I take this opportunity to state that the capitalization of racial terminology is purposely inconsistent throughout the book. I have capitalized all proper names, with occasional exception of the word Negro in quotations, and capitalization of the words white and black varies, according to the context as well as time periods in which they are used.
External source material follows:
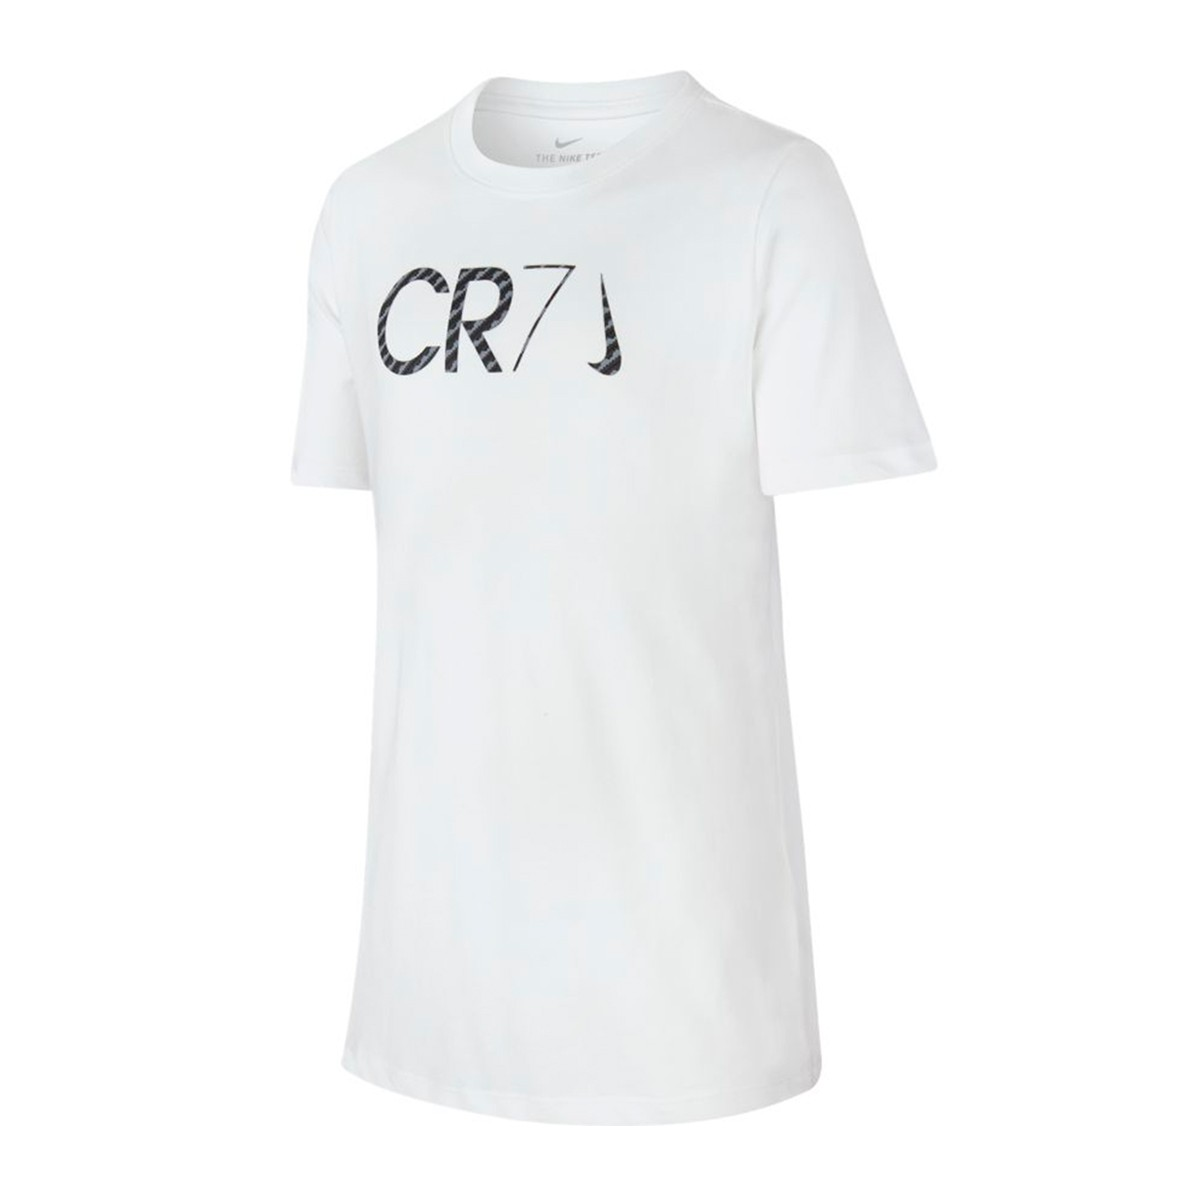 low priced 18725 2cdbd Camiseta Dry CR7 Chapter 7 Niño White

This book is a communication – through me -- between you, the reader, and a segment of our world, in its past, present and future. My best form of expression is music. That being the case, this book automatically took on musical designations. (As anyone close to me would expect.)
PRELUDE
Rev. Ralph Albert Scull’s Description of 19th -Century Galveston Island
“Gail Borden came to Galveston about 1850 and with him was a colored woman, Helen Rowe. She says they landed at Avenue H and 20th Street. At that time there seems to have been a channel across the Island at that point. In 1866, to my recollection there was a slew or waterway clear out 21st from Broadway to the South Beach; later sand piled up and closed the Gulf end, but the inner body of water still remained.
Up to 1873 there was a large pond of water at 21st and 22nd and M. The Gulf of Randle, another cut, ran in at about twenty seventh Street. There seemed to be several places where the water partly cut across the island.
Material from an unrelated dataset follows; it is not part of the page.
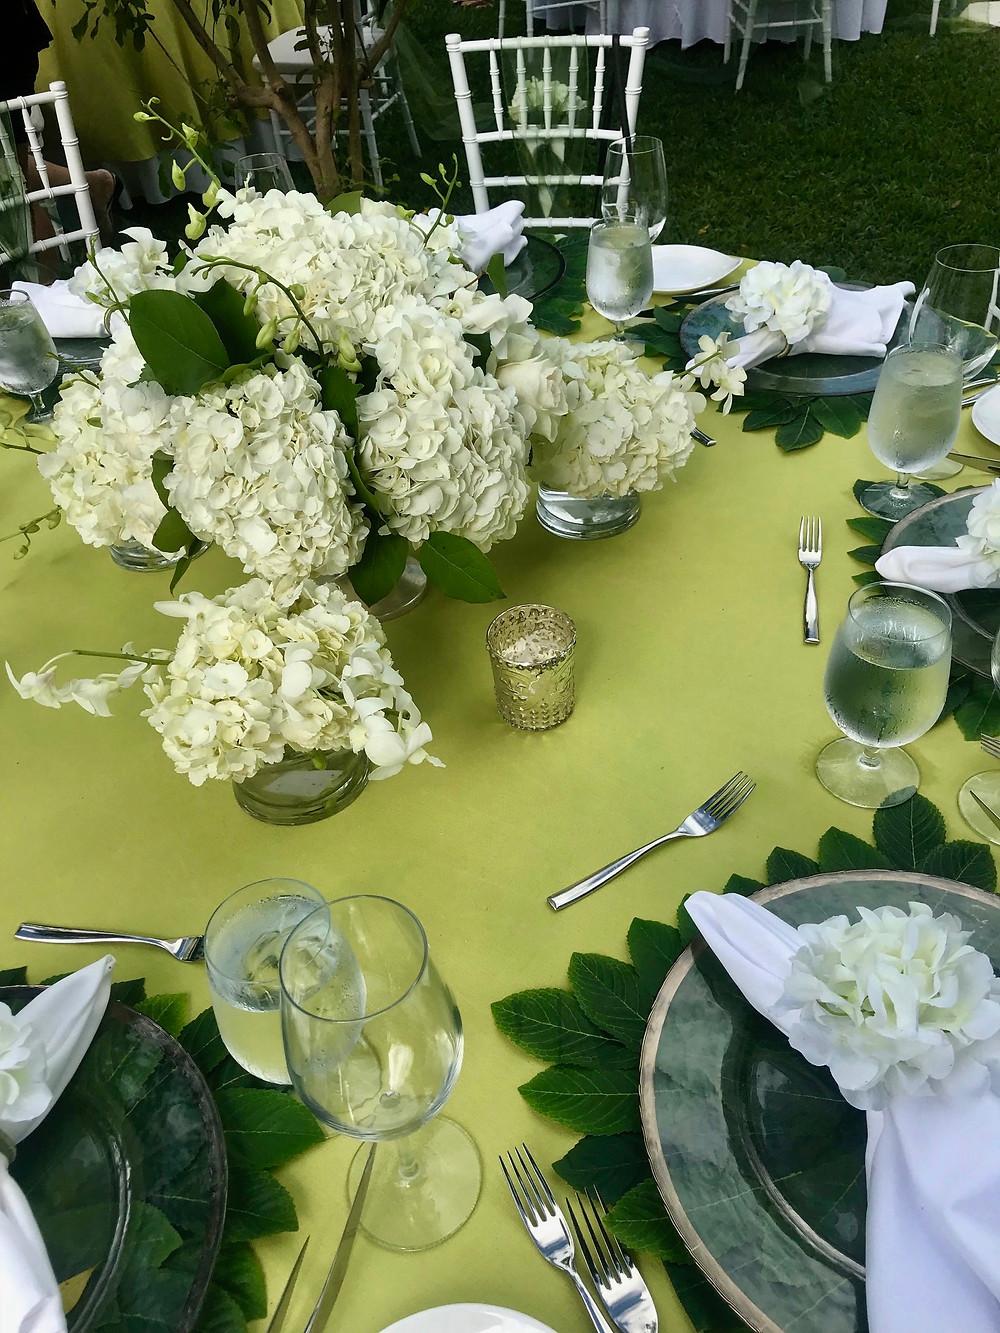 Outdoor reception at Sandals Royal Barbados - centerpiece detail

In the Storm of 1875, the Gulf and Bay waters met first on 25th Street. This storm also opened a channel on Sixth Street which led from the Gulf to the bay. It was called the Rosenberg Channel ... closed at Gulf by the wave motion and the sand. Crabs were caught on Broadway from the ditches from Seventeenth Street back to twenty first, and from there nearly to the Gulf on the South.
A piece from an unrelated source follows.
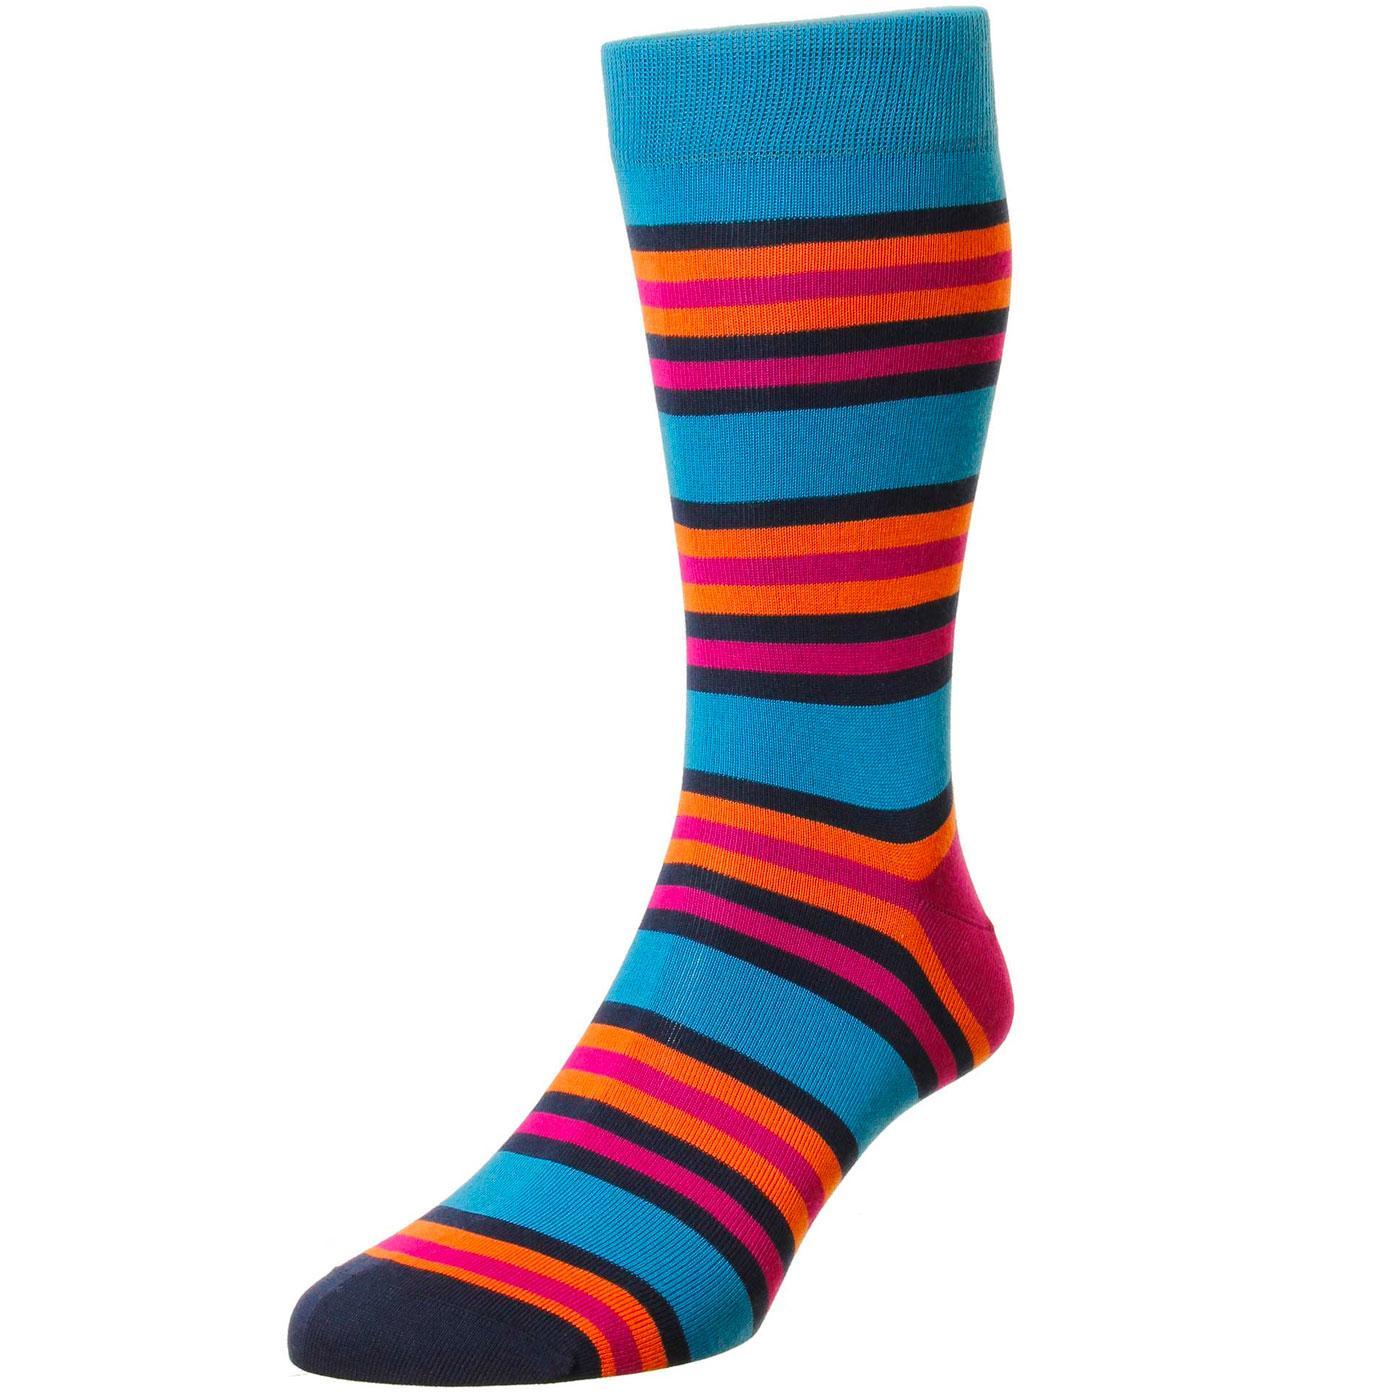 + Shibuya PANTHERELLA Retro Mod Stripe Socks (PB)

At the foot of Broadway were many small deep ponds, where fish of two or three pounds were found. Late in the Seventies [1870s], Mayor C. W. Hurley engineered the filling of Broadway from the high sand hills on the beach. Before that time the mule cars on Broadway ran on trussels [trestles] in some places three to four feet from the ground.
On the bay front water washed up to the Strand. The sail boats brought wood to town and came in three feet of water, then the[y] would drive out to the boats, load up and deliver it to the buyers. At this time no boats or ships drawing over twelve feet of water could come into Galveston over bar at the Gulf end of the channels.